This liturgical book was written in Roč by the local calligrapher and Glagolitic priest Simon Greblo. Greblo is a scribe about whom only scant biographical data survive. He was born and died in Roč. He wrote the Interpretation of the Passion of our Lord Jesus Christ while still a deacon in March 1493 (completed on March 5, 1493). That same year he was ordained; and produced the Spiritual Quadriga (Kvadrigu duhovnu), a translation of a treatise on moral theology by Italian Franciscan Nicholas of Osimo, which Greblo probably both transcribed and translated. The Quaresimal was completed by Greblo five years later, in 1498.

==Description==
This work is a collection of sermons for Lent (Latin: Quadragesima, 'Fortieth'), and is based on the popular work by Neapolitan 15th-century Franciscan preacher Roberto Caracciolo.

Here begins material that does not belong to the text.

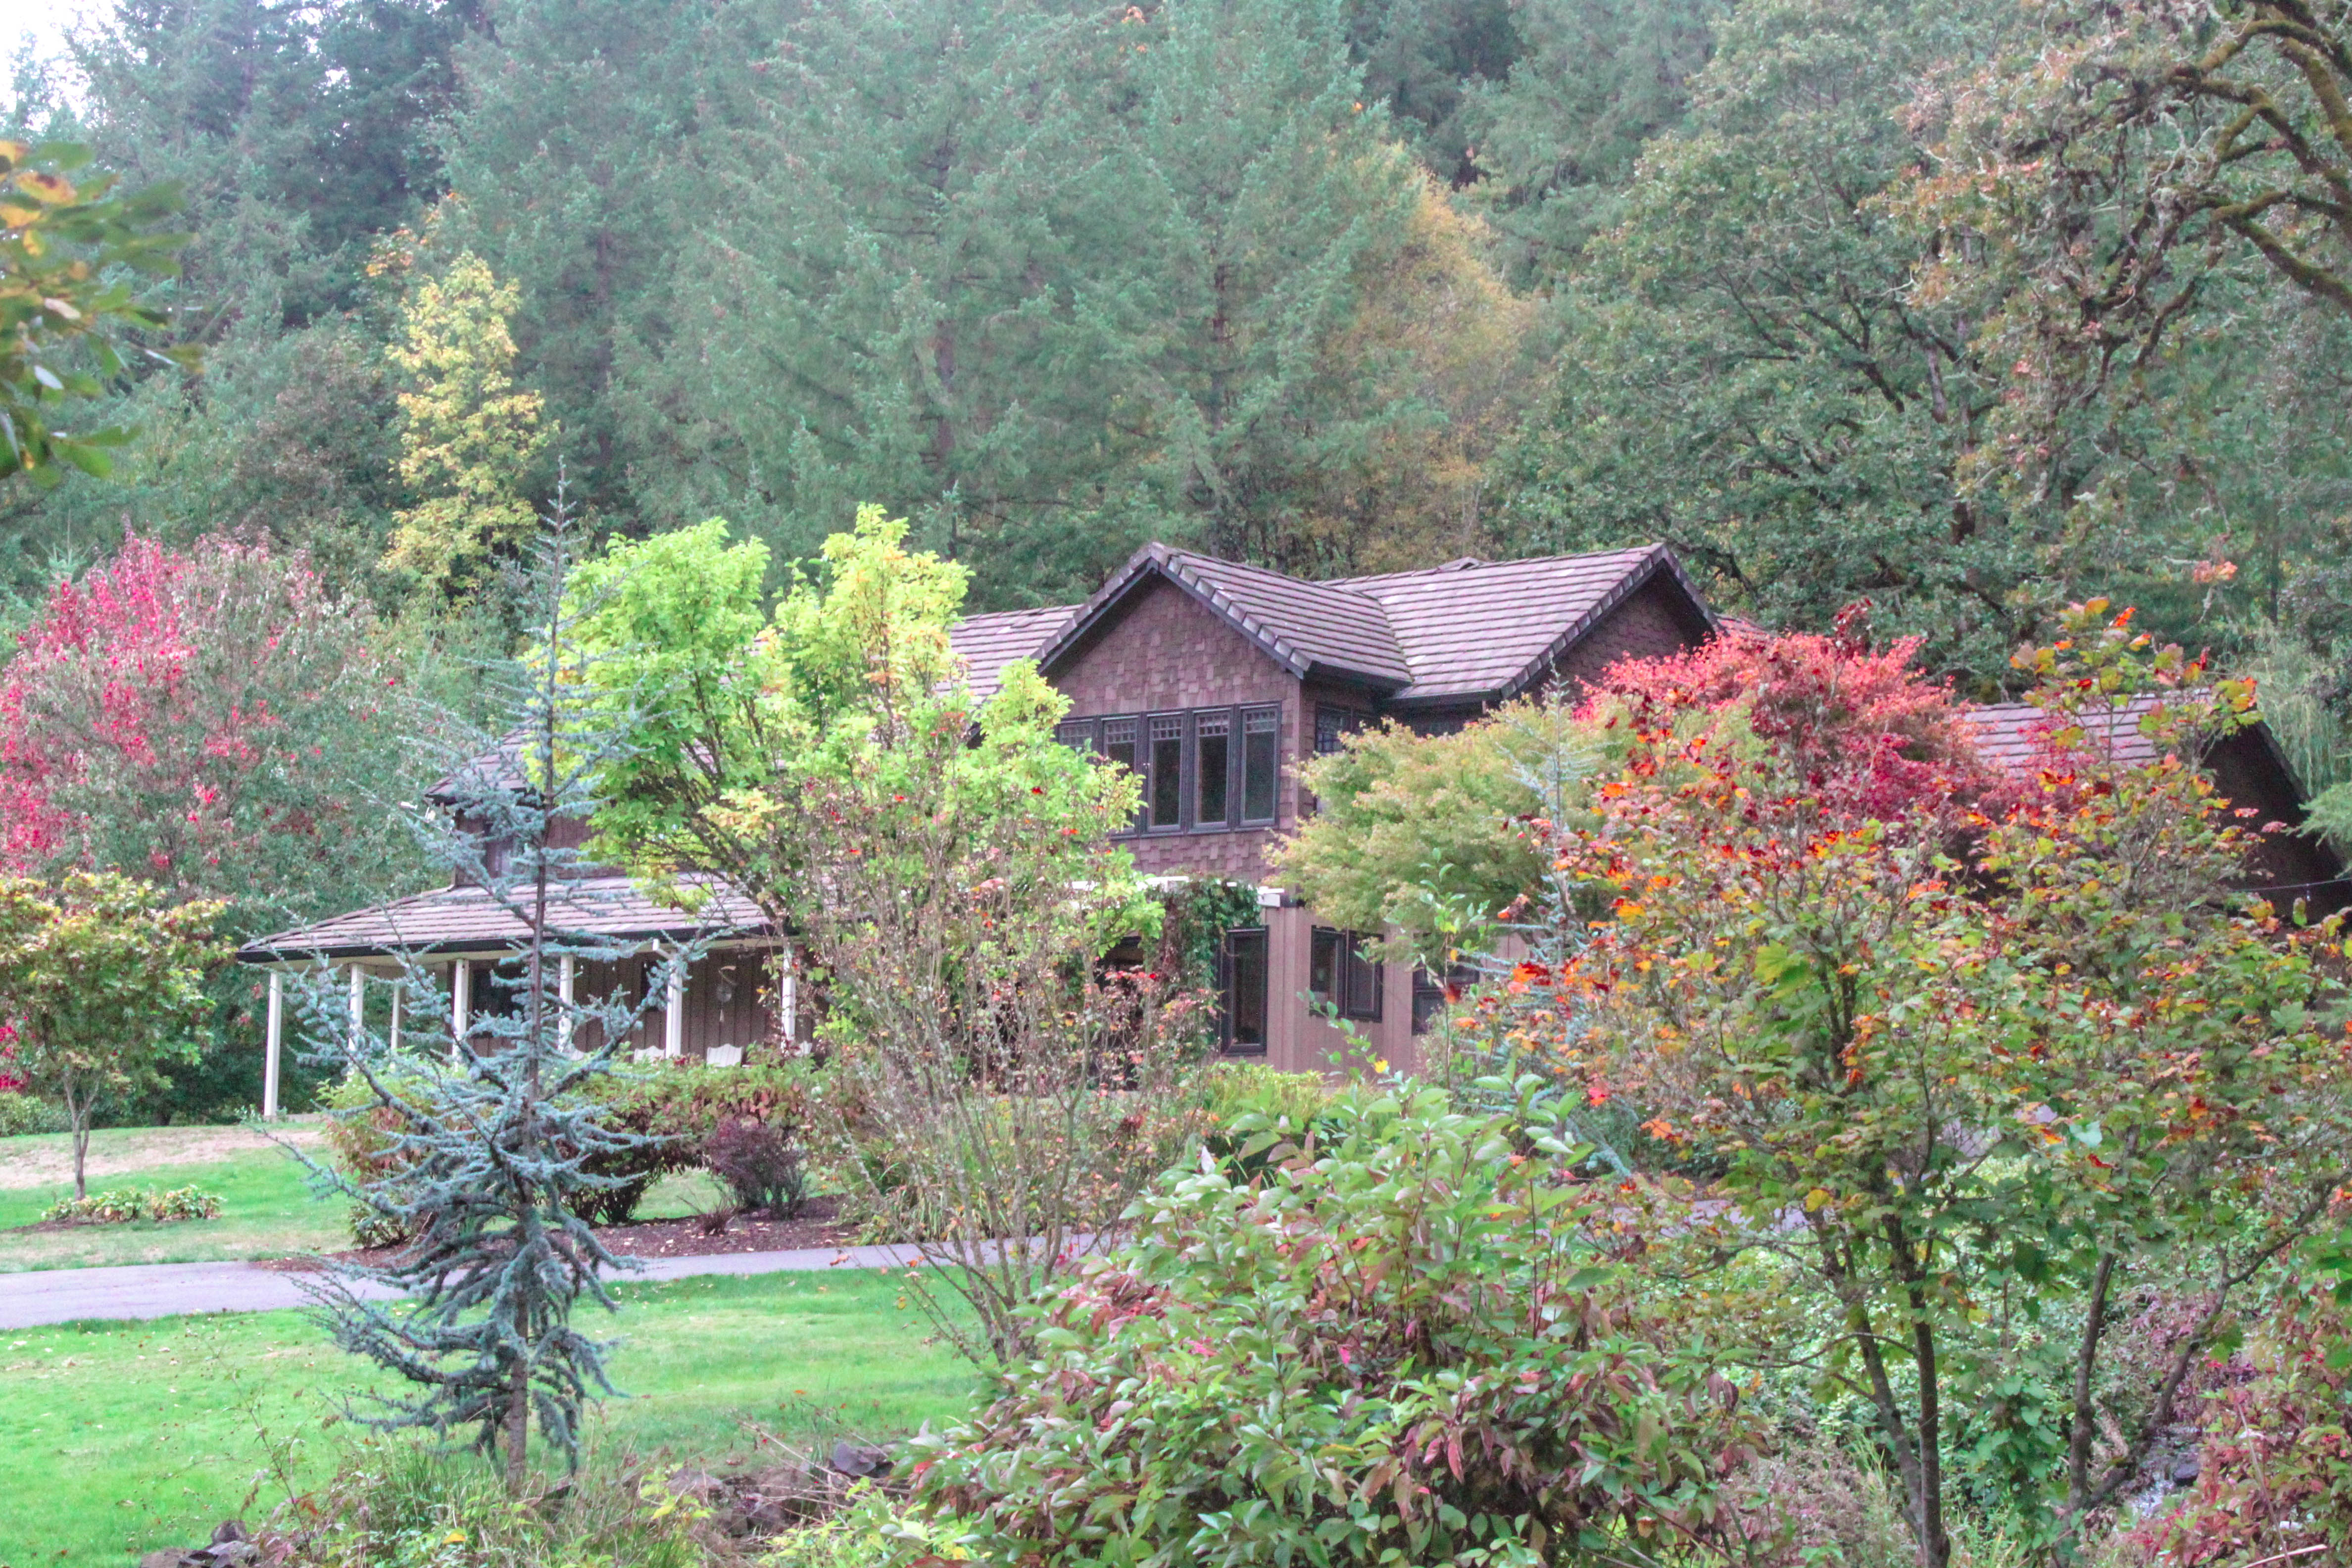 Oregon Wine Country Escape: The Brookside Inn

According to the glagoljaši, the Kvaresimal was made on the basis of an Italian template based on a sermon by Bernardin of Siena. In a colophon, Greblo says that he finished this work with his son-in-law Mihovil (Kalc) from Boljun. The work thematically follows Greblo's first work, the Interpretation of the Passion of our Lord Jesus Christ. Greblo's calligraphy in this work is remarkable. The style is modest, and the book is hardly illuminated. Only the initials have modest decorations in red or black-red. There are empty spaces at the end of the chapters that are filled with vignettes, in the form of "braids and rubrication made in red." The binding was restored in 1959.

==See also==
- Angular Glagolitic
- Interpretation of the Passion of our Lord Jesus Christ
- List of Glagolitic manuscripts (1400–1499)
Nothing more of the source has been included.